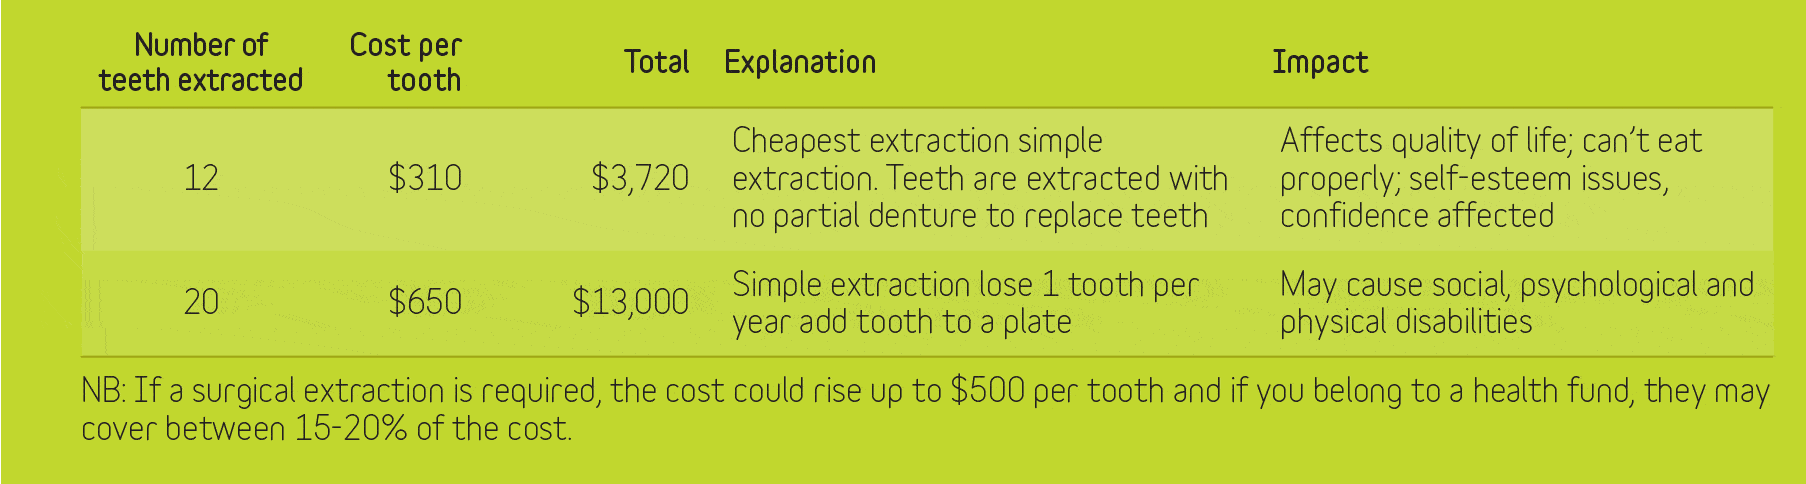 Table with costs of teeth extraction per year
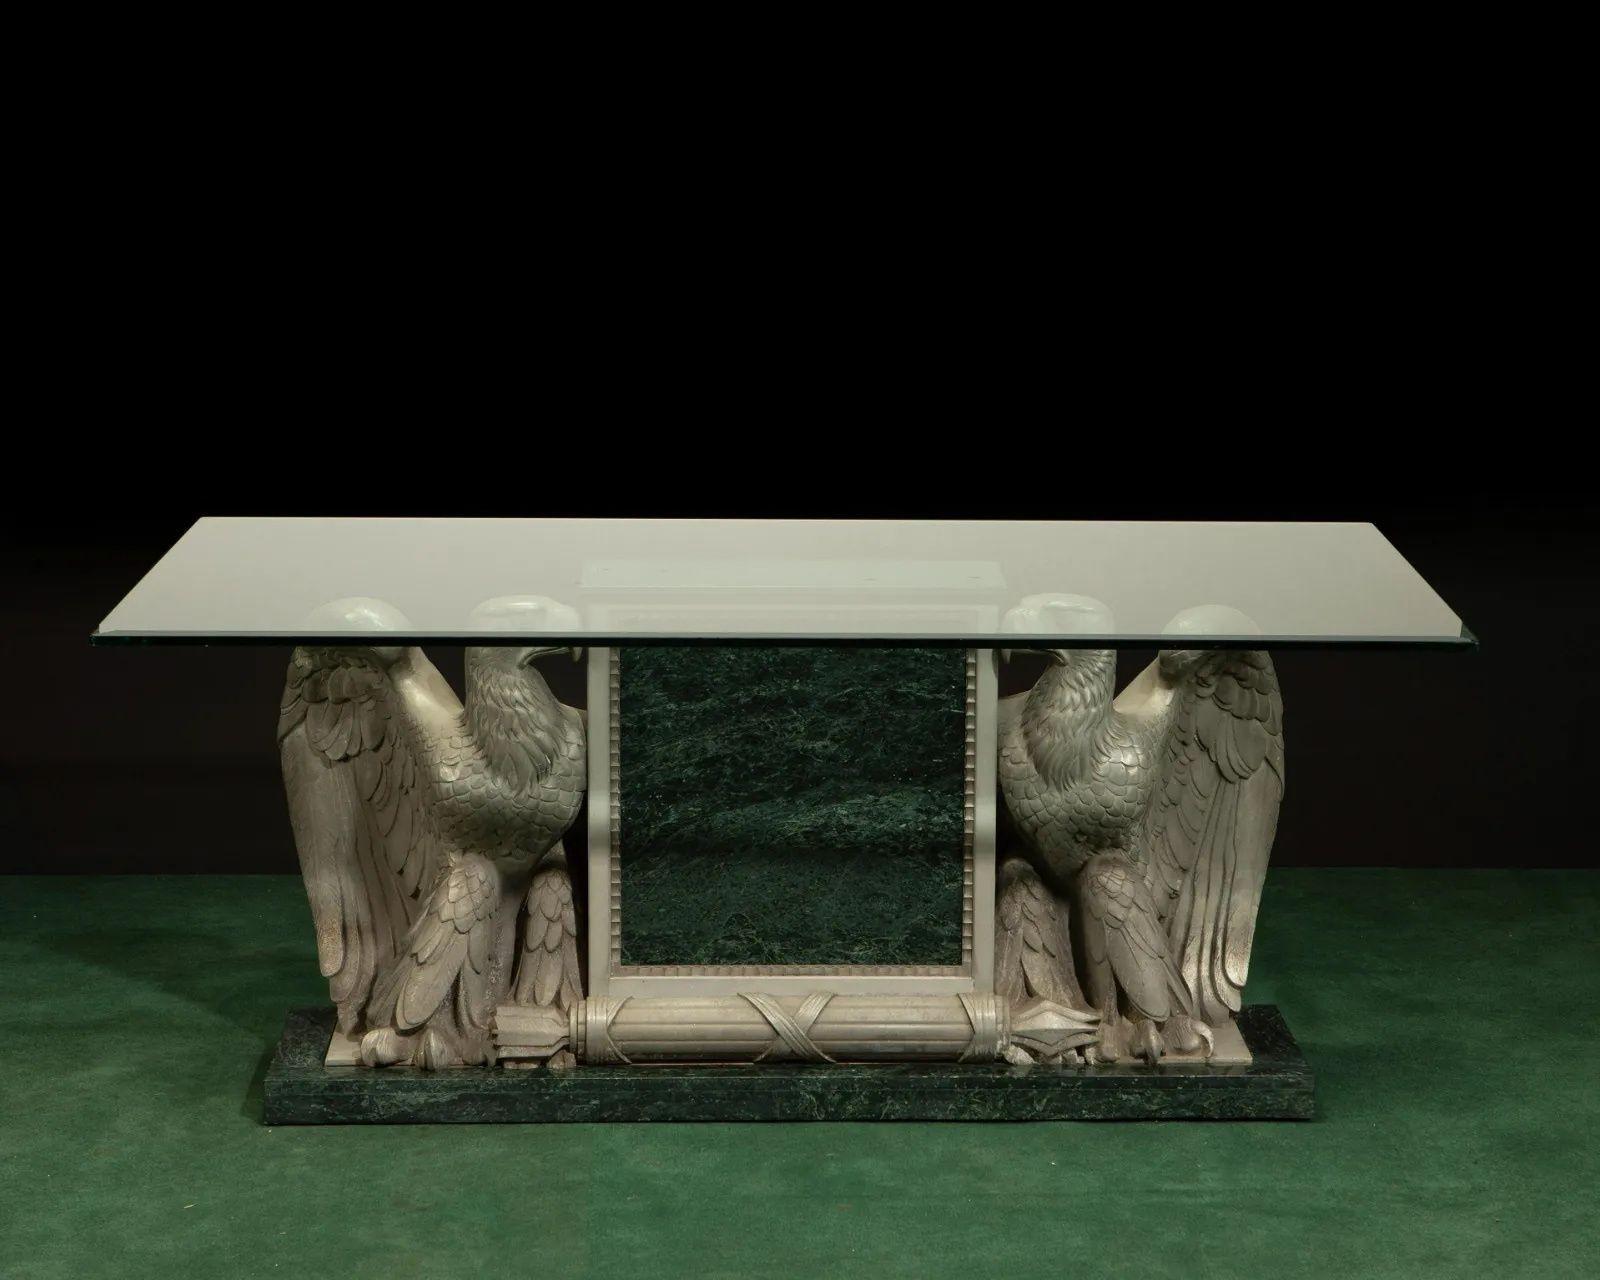 Late 19th century.
The double-eagle galvanized/zinc metal base with marble trim and glass top.
Created in England from a vintage architectural double-eagle element. 
 
 
Dimensions:
 
29
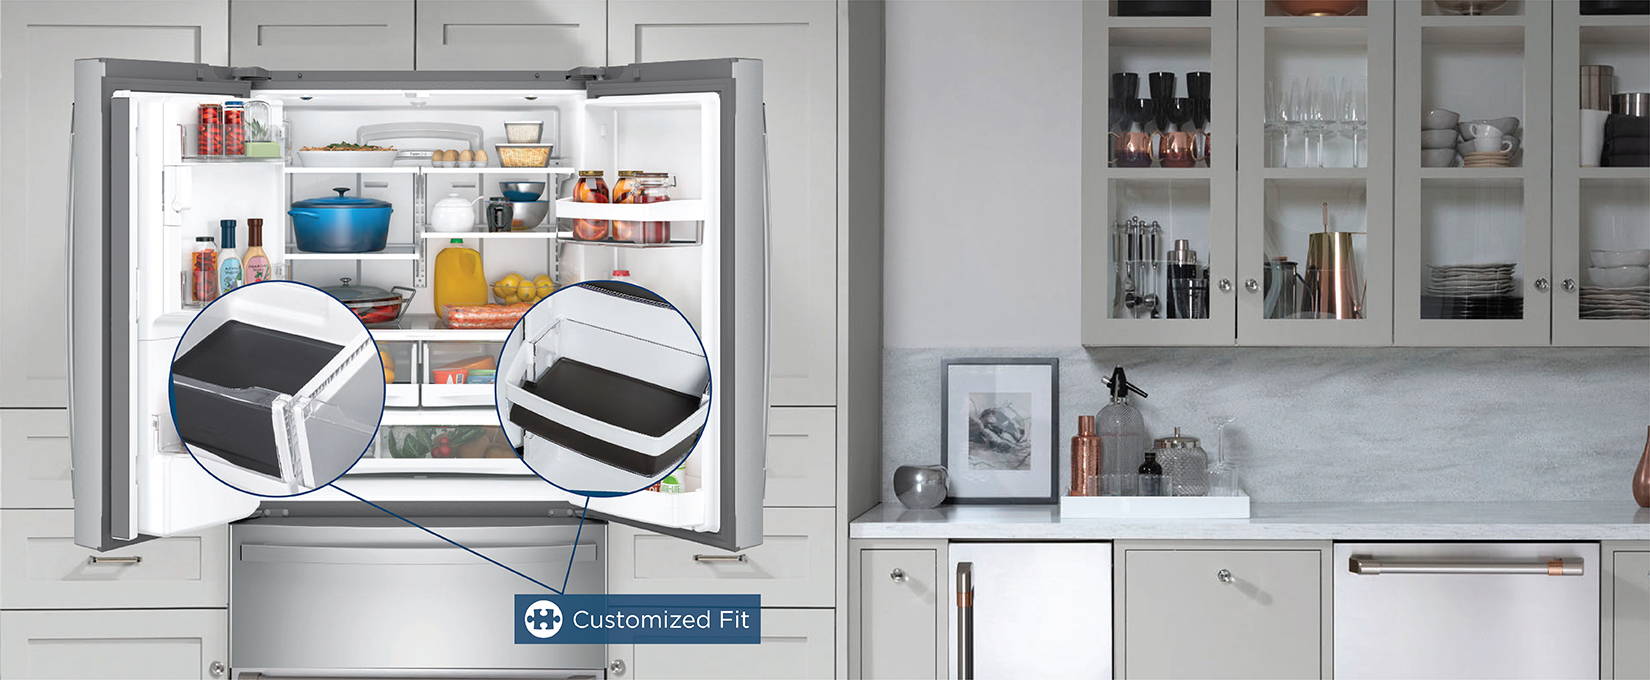 Refrigerator with doors open, featuring inset photos displaying Microban door and drawer liners.

* * *

**TASK ITEM:**
Find the line that contains "The double-eagle galvanized/zinc", then write out that line and every line after it through the end of the records, exactly. Leave the pictures out.

**EXPECTED ANSWER:**
The double-eagle galvanized/zinc metal base with marble trim and glass top.
Created in England from a vintage architectural double-eagle element. 
 
 
Dimensions:
 
29
 Refrigerator with doors open, featuring inset photos displaying Microban door and drawer liners.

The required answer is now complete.